Pour le patron des finances du Maine-et-Loire, les conséquences de la crise immobilière ne sont pas du même niveau d’un département à l’autre. Et de regarder vers son voisin de Loire-Atlantique jugé plus "riche".
Un effondrement des recettes en Loire-Atlantique
Ici aussi pourtant, on s’inquiète de la situation.
Le Conseil départemental de Loire-Atlantique a même été contraint de reporter le vote de son budget primitif 2024 pour peaufiner son bouclage.
"La chute soudaine et brutale des recettes soumises à la conjoncture économique impliquait de revoir la construction du budget primitif 2024" indiquait la collectivité en mars 2024 qui évoquait alors "un effondrement des recettes" tout en faisant face à une augmentation des dépenses sociales, principale poste de dépense des Départements.
"Cette chute des recettes est une crise sans précédent dans l’histoire du Département avec une perte de 86 millions d'euros des droits de mutation sur le seul exercice 2023, soit une chute de 21,35%. Et les prévisions pour 2024 ne sont pas réjouissantes", annonçait-on dans la collectivité de Loire-Atlantique qui a eu recours à l’emprunt et dû trouver 60 millions d’euros d’économies.
"Les enfants en danger, il faut bien qu’on les accompagne !"
Faire des économies.
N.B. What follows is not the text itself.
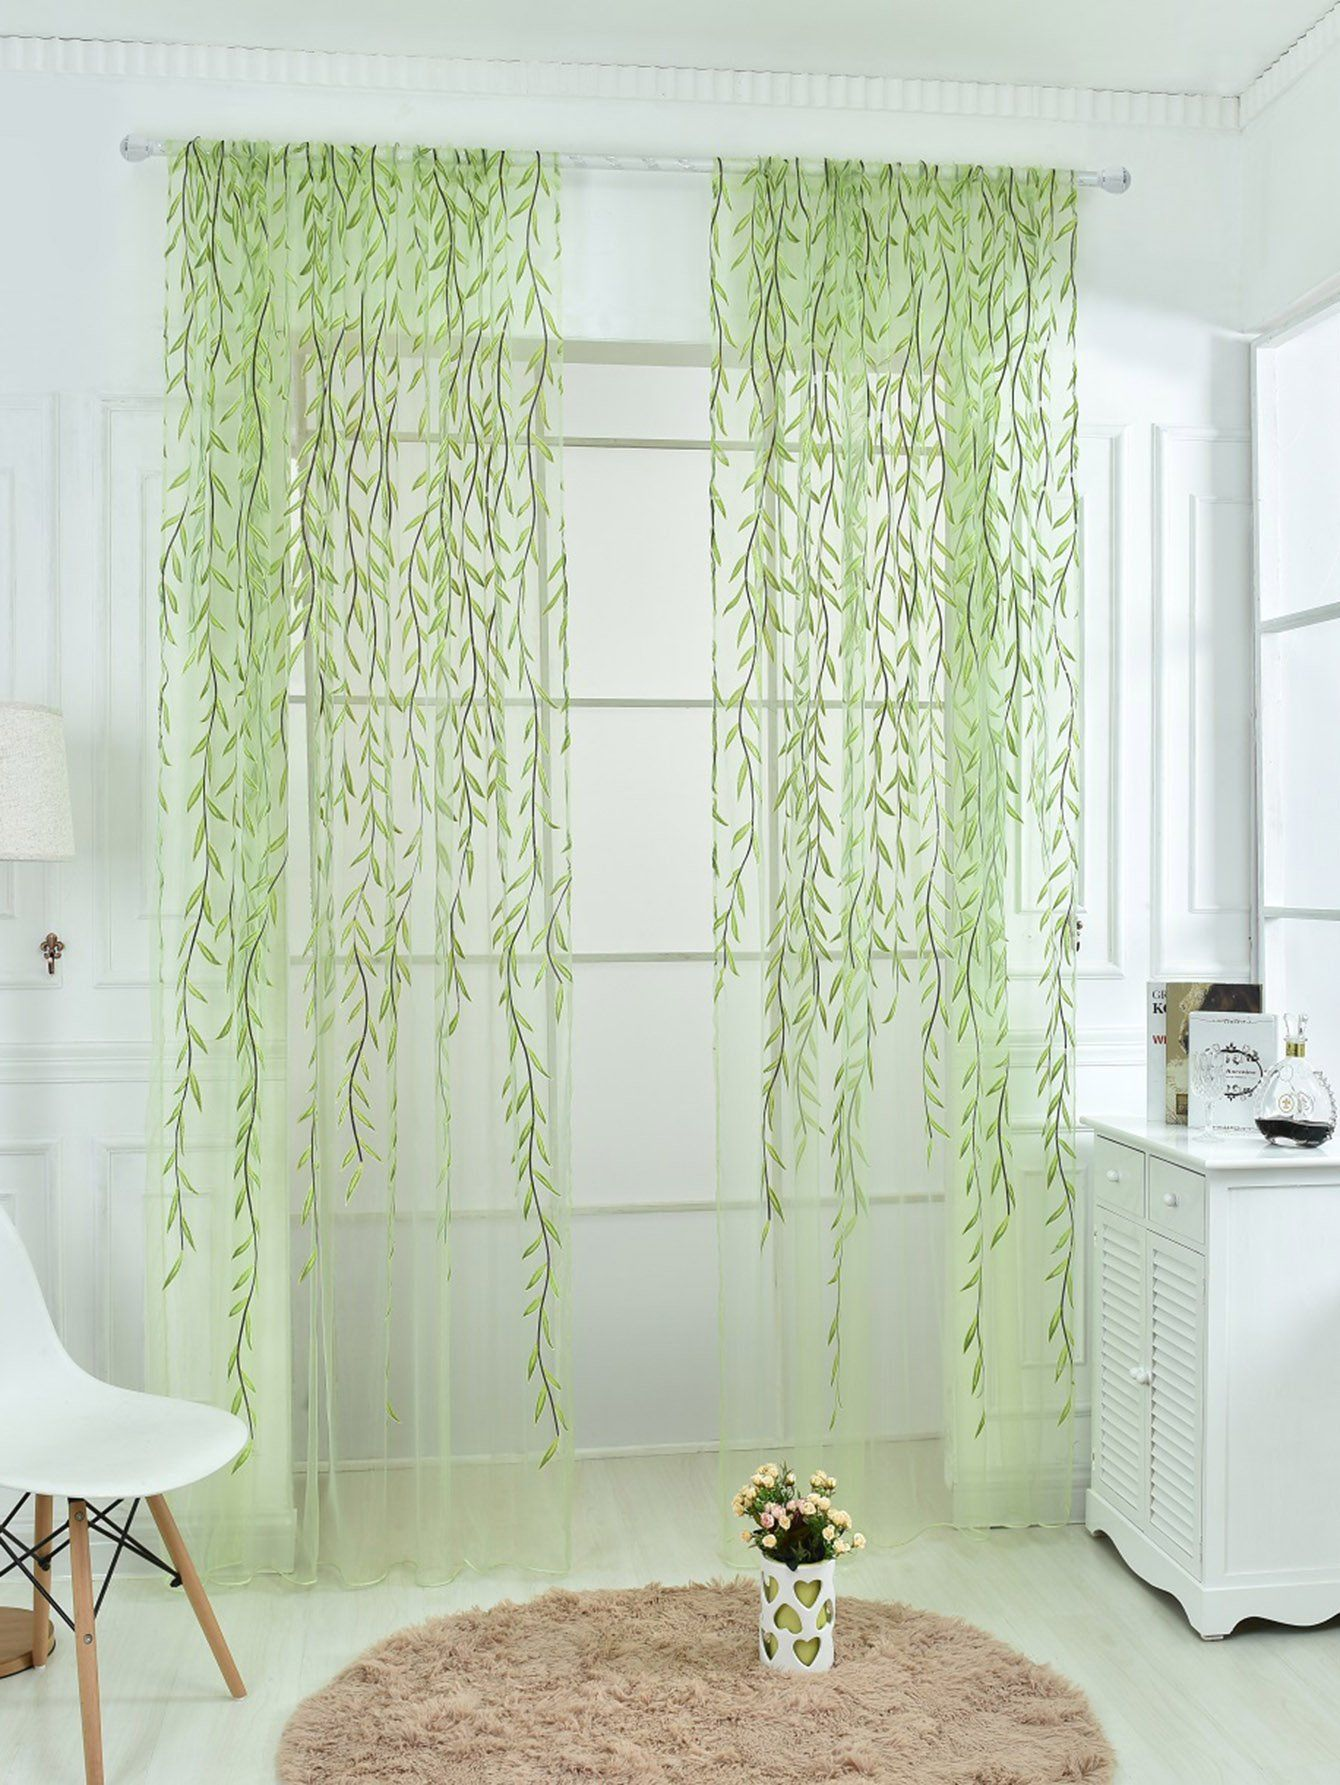 beige in drapes window diamante mesh blend n treatments cotton sheer panel elements b curtains taupe l curtain pair grommet burnout

L’injonction qui terrifie tous les services. Pas simple quand le "coefficient de rigidité" dépasse les 80 %. Ce qu’on appelle coefficient de rigidité, ce sont toutes les dépenses incompressibles. Notamment le social dans les Départements.
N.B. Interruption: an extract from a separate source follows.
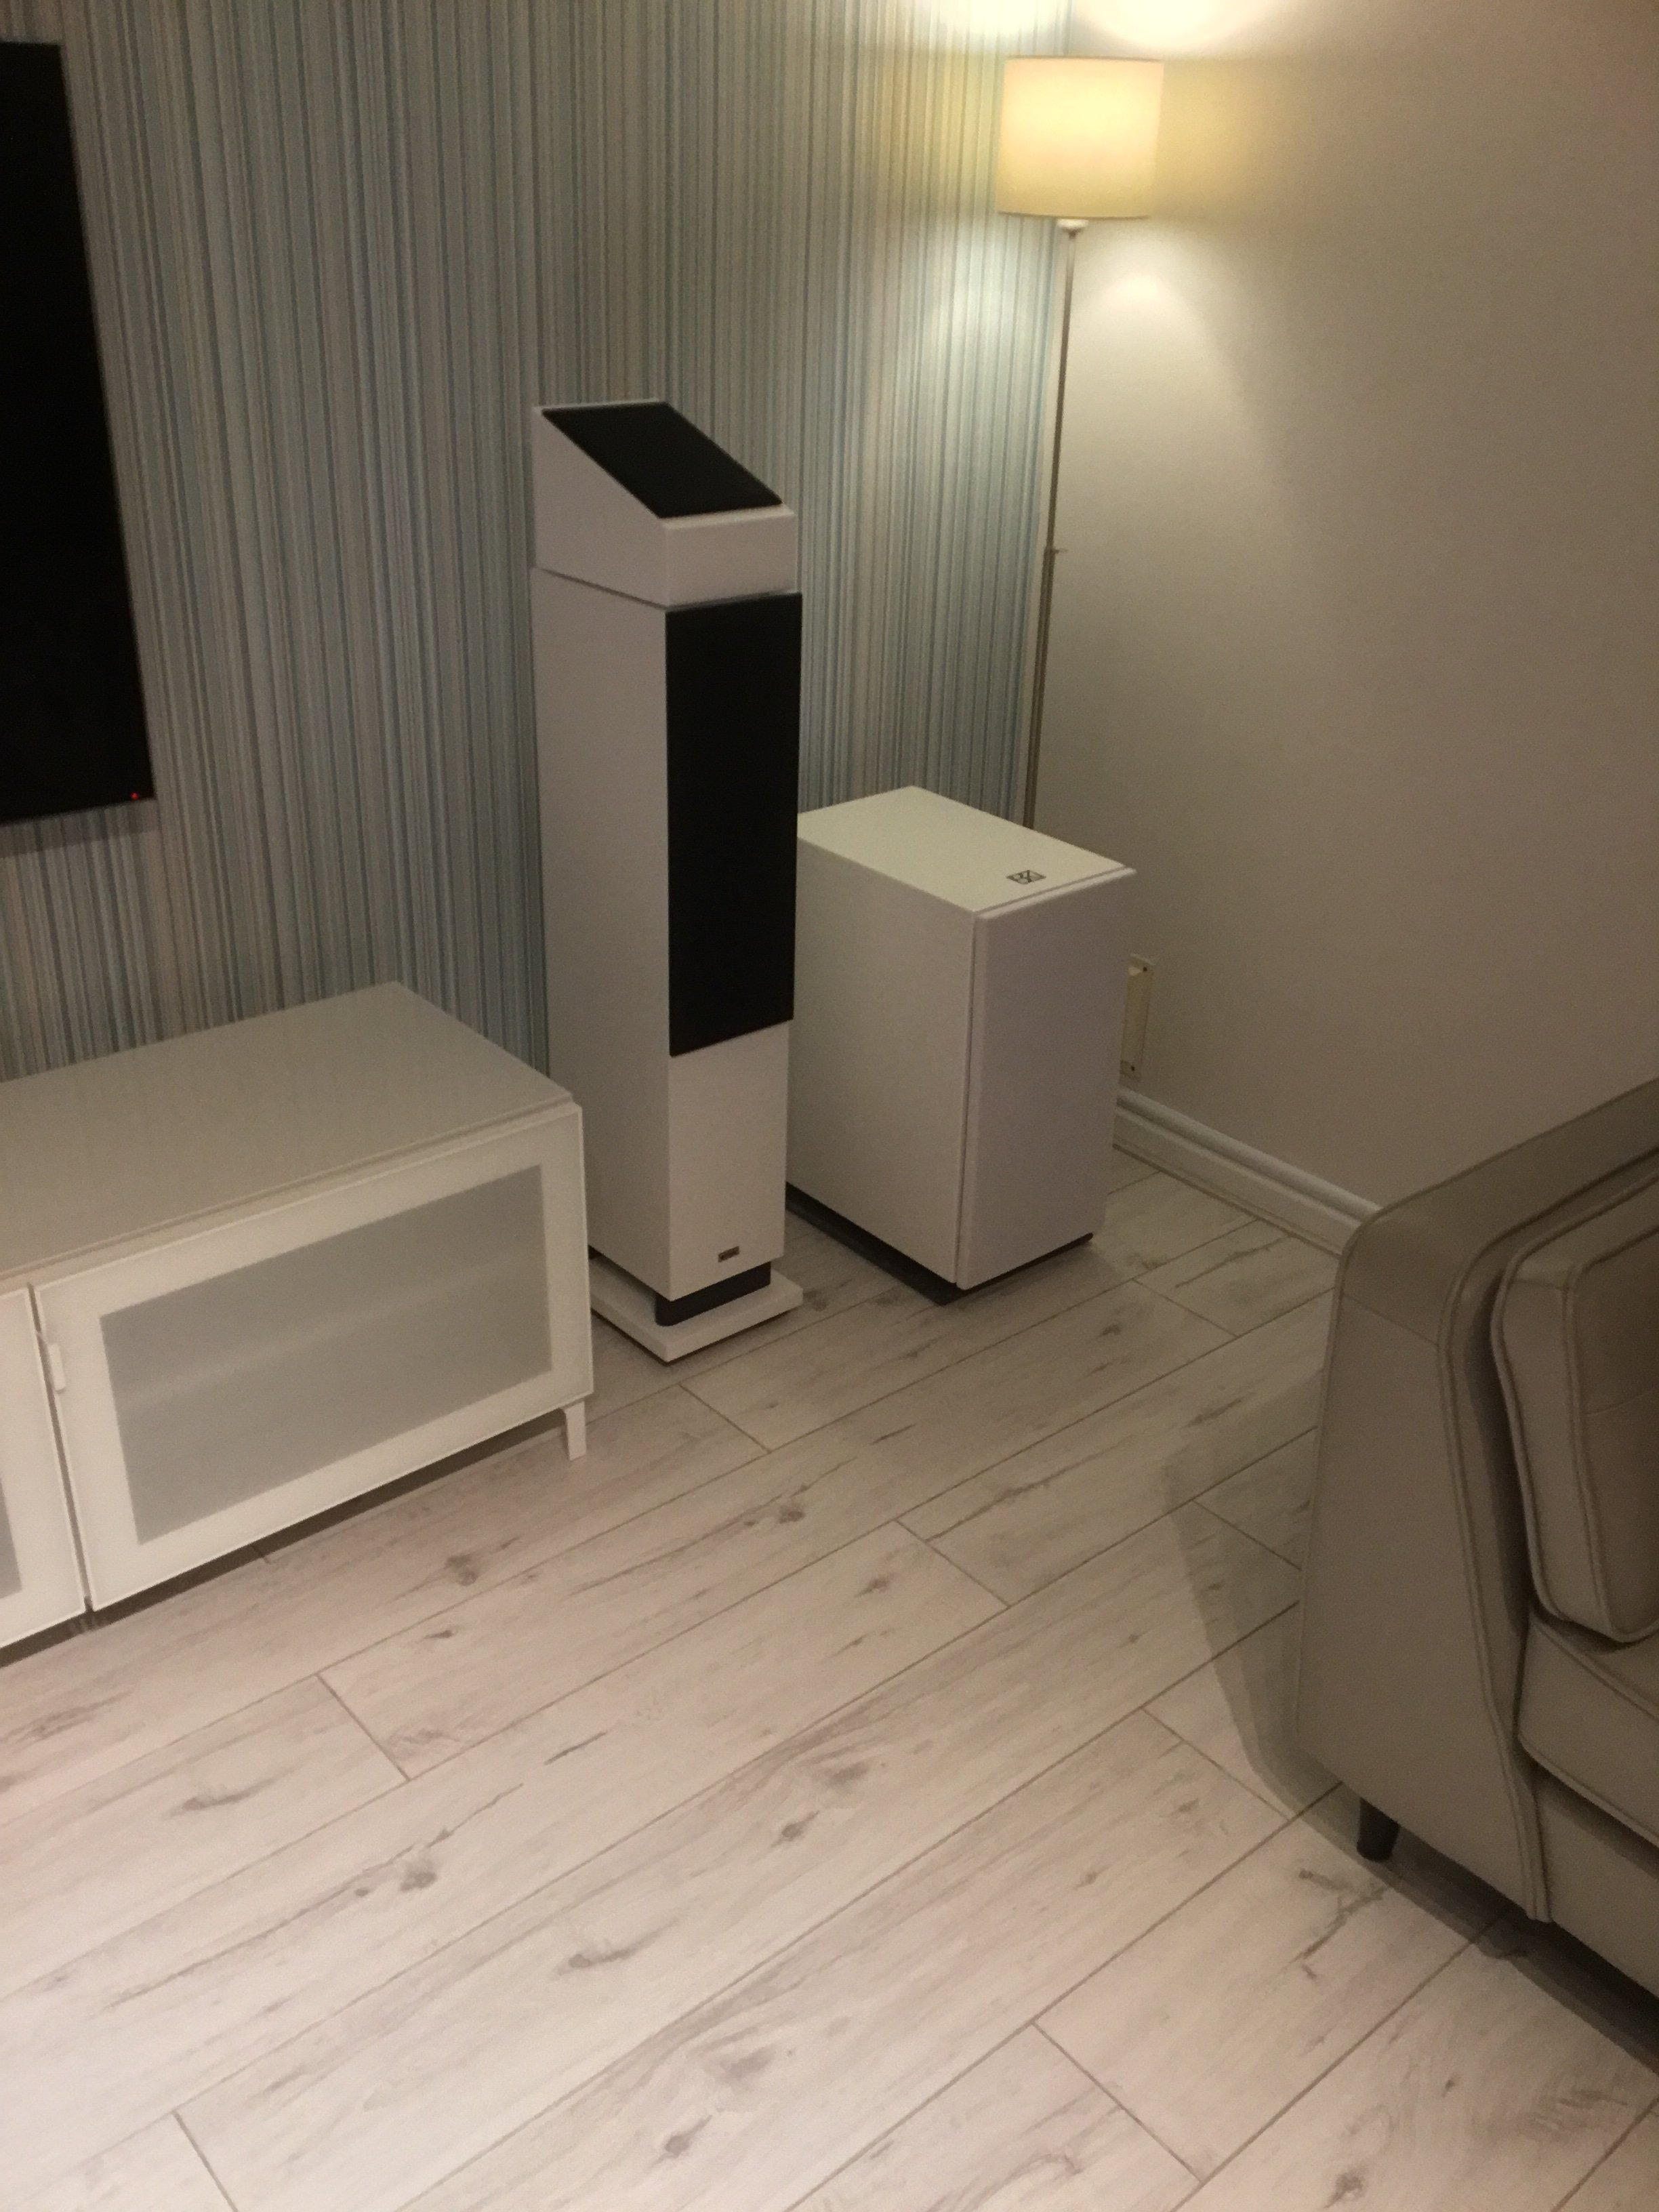 Replacing black speaker grill material for white | AVForums

"Les enfants en danger, il faut bien qu’on les accompagne !, souligne le vice-président chargé des finances du Maine-et-Loire. Il faut aussi accompagner les EHPAD ! Les collèges, on ne peut pas faire l’impasse !"
Des rentrées financières qui baissent, mais aussi des dépenses qui augmentent. A commencer par l’aide à l’enfance en danger qui nécessite de plus en plus de moyens. Les charges salariales qui ont aussi progressé avec l’augmentation du point d’indice des fonctionnaires.
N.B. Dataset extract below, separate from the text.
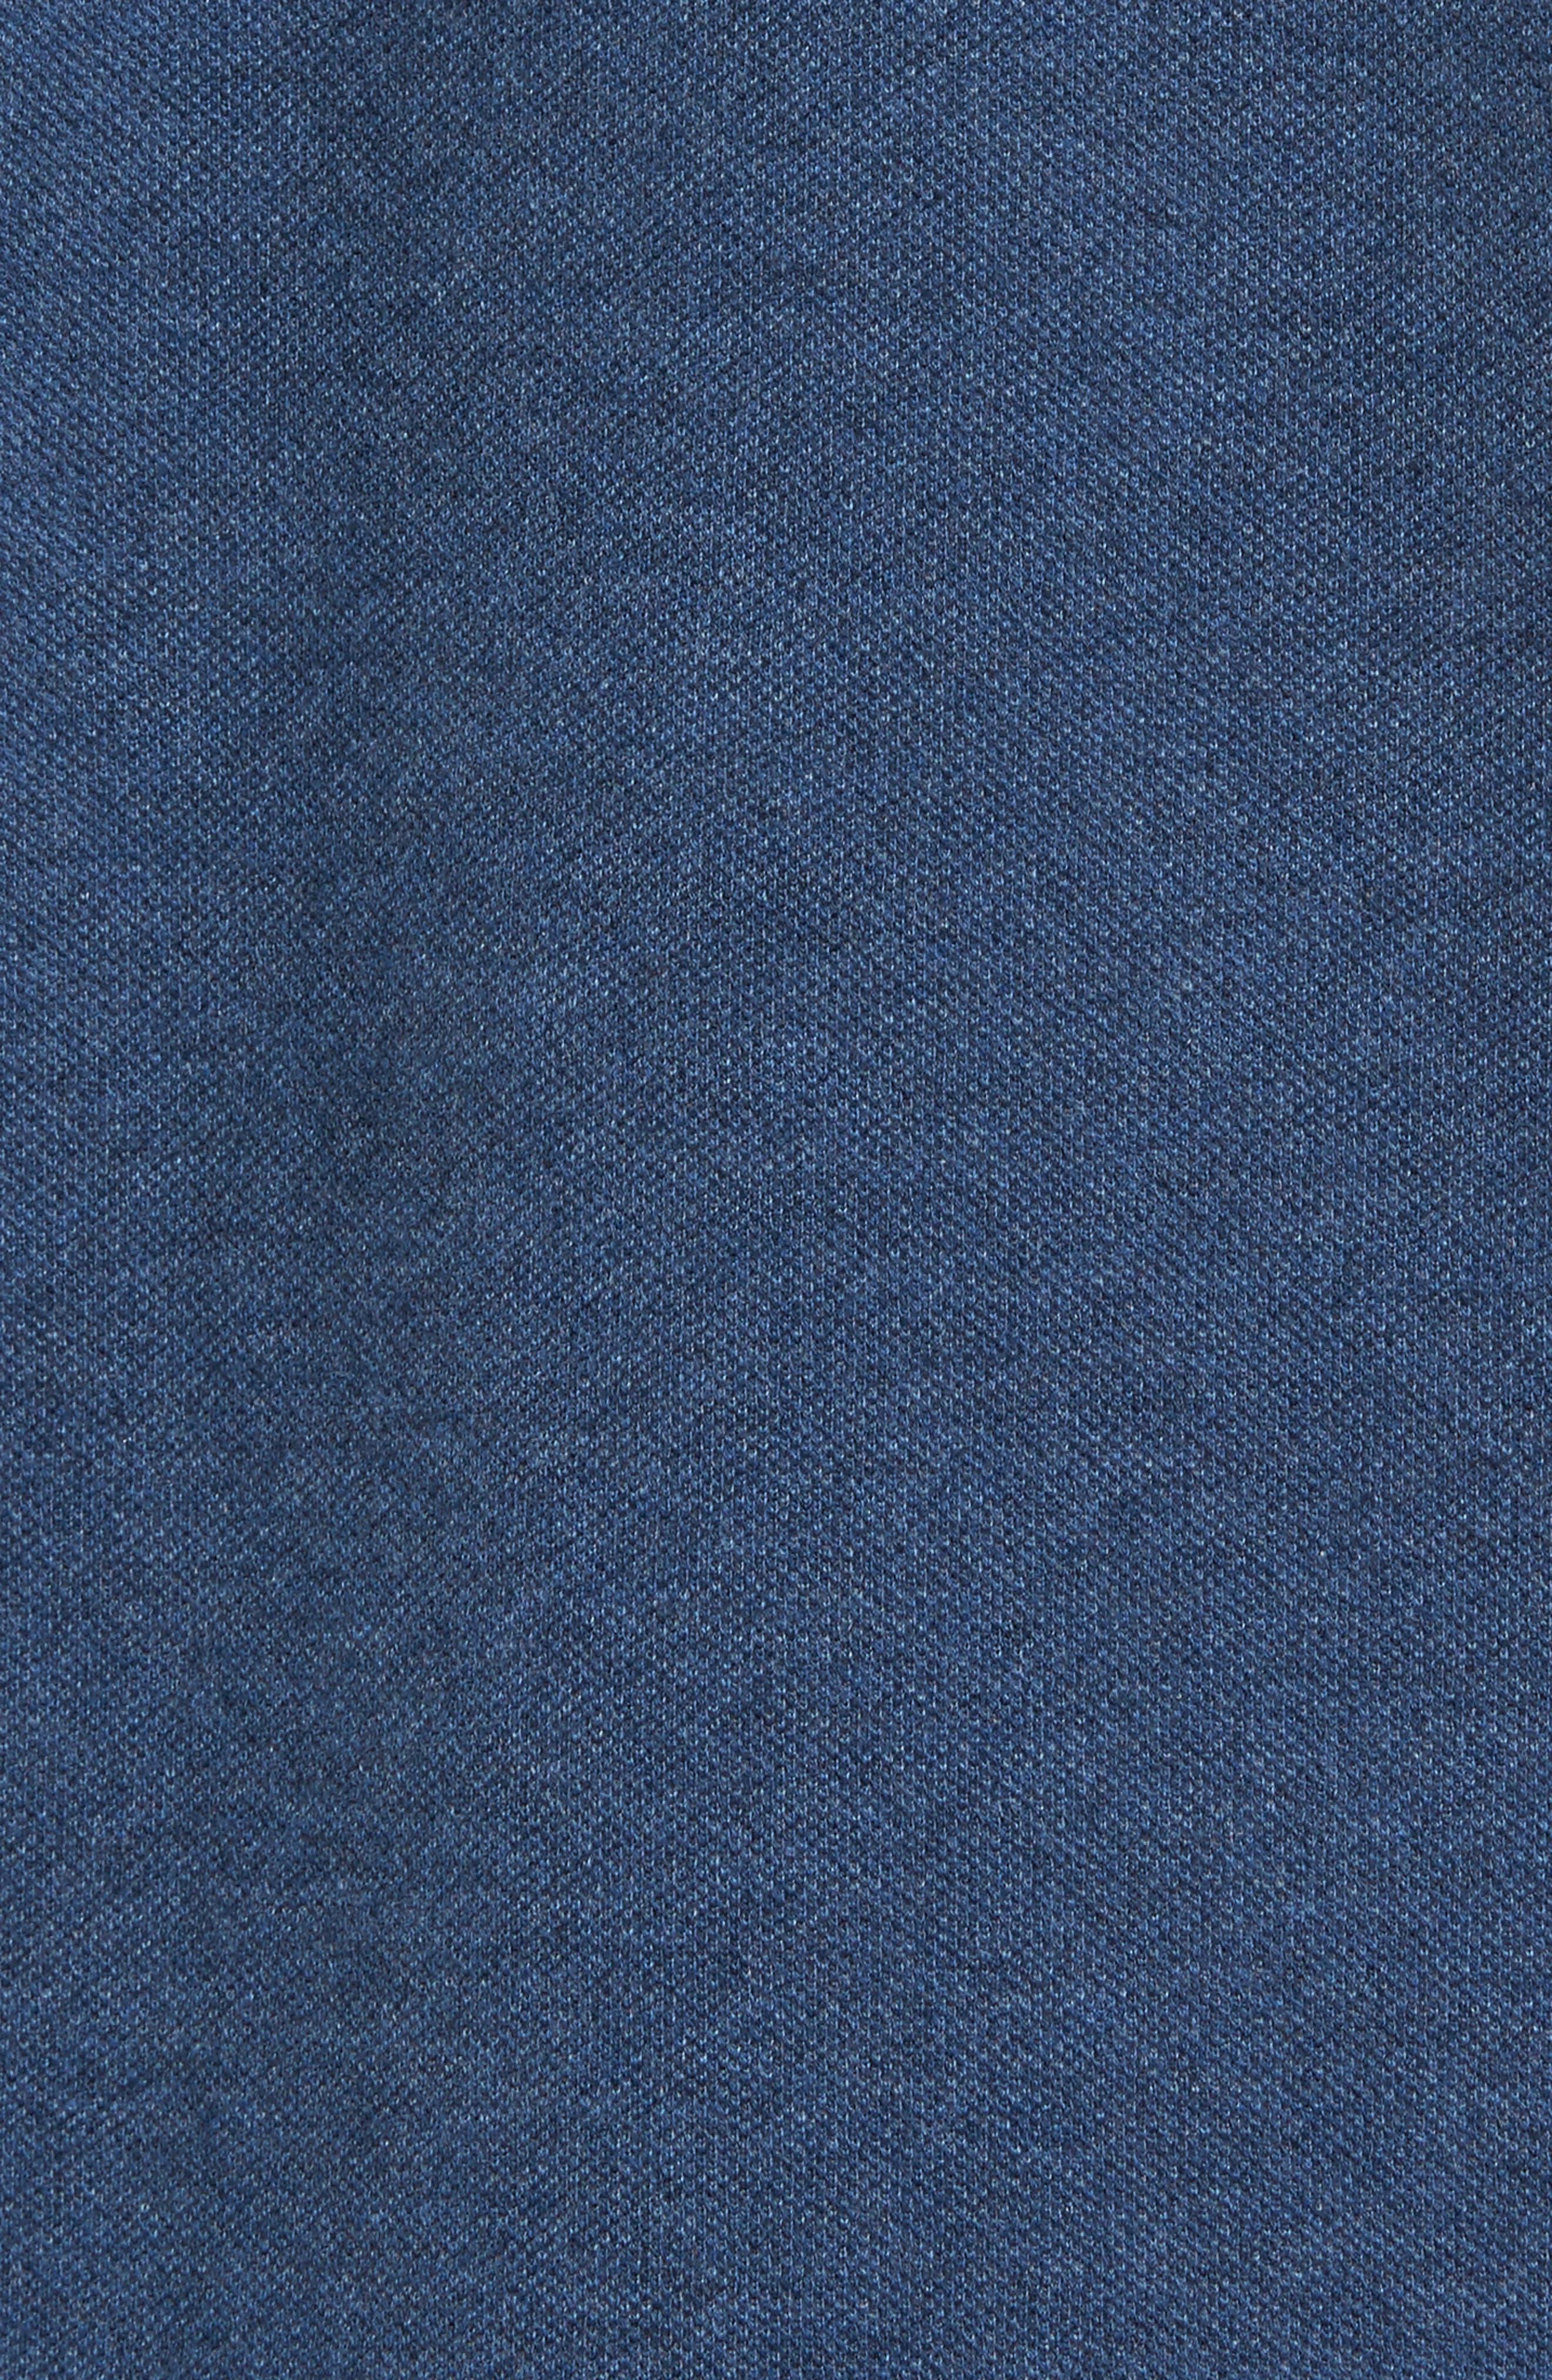 Shandy Heathered Knit Sport Shirt,                             Alternate thumbnail 10, color,

L'idée d'un nouvel impôt départemental
On se tourne vers l’Etat, on aimerait bien qu’il prenne en charge la totalité du financement du RSA (il n’en finance qu’une partie actuellement). Certains élus rêvent de pouvoir lever un impôt spécial "solidarité". Une mesure loin d'être populaire.
"On est dans un cercle infernal inquiétant", prévient Philippe Chalopin.
Si on avait notre DMTO qui repartait, on serait nettement mieux.
Philippe ChalopinVice-président du Conseil départemental du Maine-et-Loire en charge des finances
Et comme si la situation n’était pas suffisamment angoissante, la dissolution de l’Assemblée Nationale et les tergiversations pour former un nouveau gouvernement contribuent à inquiéter les marchés et à maintenir celui de l’immobilier dans son apathie.
"On craint que l'Etat ne fasse porter sur d'autres le caractère dispendieux de sa gestion depuis plusieurs années" ajoute Dominique Le Méner, Président Les Républicains du Conseil départemental de la Sarthe, collectivité qui a perdu 10 millions de rentrées financières en un an et qui s'inquiète des volontés d'économie de l'Etat, Sera-t-il tenté de baisser les dotations qu'il concède aux départements ?
Là aussi, ce qui a été mis de côté les années précédentes va vite s'assécher. "On espère une reprise de l'immobilier, mais il faudra qu'elle soit conséquente", ajoute Dominique Le Méner.
"Le prix du mètre carré dans la Sarthe est un des moins élevés de France" tient-il à préciser.
Des lignes de dépenses plus en danger que d'autres
Mais alors, sur quel levier agir ? "On a demandé aux services de revoir leurs projections de dépenses au plus serré", avoue Philippe Chalopin.
Et parmi les actions qu’on pourrait dire "non prioritaires" des Départements, il y a le sport, la culture et l’environnement.
On peut donc en déduire que ces trois secteurs vont passer de prochains exercices budgétaires difficiles.